Our kids don’t button mash, they strategize.
Our kids have no patience for shoddy design work, and have some insightful things to share in terms of what mechanics are working and not working, and why.
Our kids understand that flashing elements on a tablet means interactivity.
So, that risk assessment was put to rest.
Now, here’s what’s not working: we had a risk assessment that basically said, “what if kids don’t feel powerful or a sense of control when playing this game?” For the board game, they did feel powerful, often making sound effects and marching the dinosaur across the page to simulate stomping. But the tablet UI was a totally different story. It felt flat, they didn’t react at all, and the sound effects totally vanished.
We unpacked as a team why this might be happening, and came up with a new risk assessment focus for the following week. With some very helpful faculty feedback, we shifted our design pillar from “juicy”—which really, for the time being, belongs under the much more important goal of feeling powerful, regardless of how we get there (we’re looking at self-determination theory to see if there are other aspects to this we may have missed, thanks to Dave Culyba).
Our chosen art style, decided by a mix of A/B testing and team capability as a tiebreaker
Instead, we tried “stickiness/replayability” on for size as a pillar. But, after a conversation with the client, it became clear that our game’s goal was not necessarily to remain ONLY sticky. The kids have access to the entire app store during free choice time, including games with companies and corporations that out-scope us in terms of how sticky and replayable their games are. We would be competing with all hundreds of thousands of them. And part of the appeal of free choice is this frenetic choosing, this buffet/smorgasboard of options. We will be lucky if kids play our game for ten minutes a week for more than a month.
But we want to see kids playing ours for increasing amounts of time as our project progresses, and we don’t want to see them switching from ours to an inappropriate game such as zombies or killing.
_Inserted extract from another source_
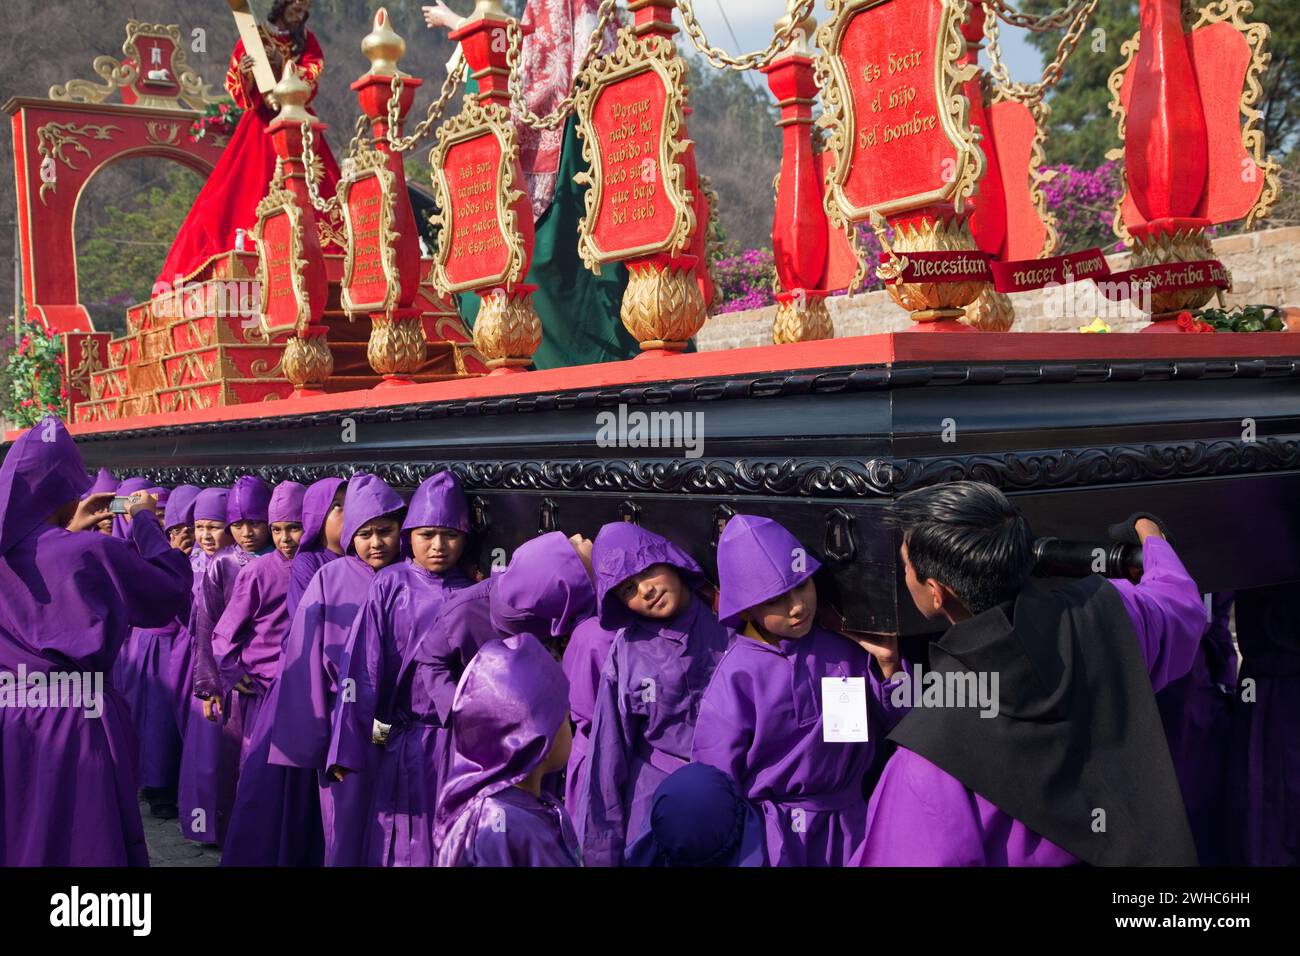 Antigua, Guatemala. Ragazzi adolescenti che portano un galleggiante (Anda) in una Processione religiosa durante la settimana Santa, la Semana Santa. Foto Stock

Our more direct goal is to compete to scratch the same itch as some of the more violent games the kids download, especially blood-and-guts shooters. So we’ve changed a pillar to “More Sticky than the Shooters,” to see if we can serve as this alternative.
We got more helpful faculty feedback, as well. Brenda Harger encouraged us to think about the broader picture, which is part of what prompted the phone call with our client to clarify a deeper reason for making the game. Problem-solving is something that has come up as a strong secondary goal to minimizing the desire to play violent games.
Chris Klug advised us in ways to fold in story elements into a game for an audience that doesn’t play games with a lot of traditional game narrative (it has to do with success revealing themed elements that show more about the world over time).
Mike Christel advised on play testing as well as game mechanics and why perhaps the tablet was not translating the board game as well as we hoped.
All in all, a fantastic week for feedback and reflection before moving on to explain our reasoning at quarters.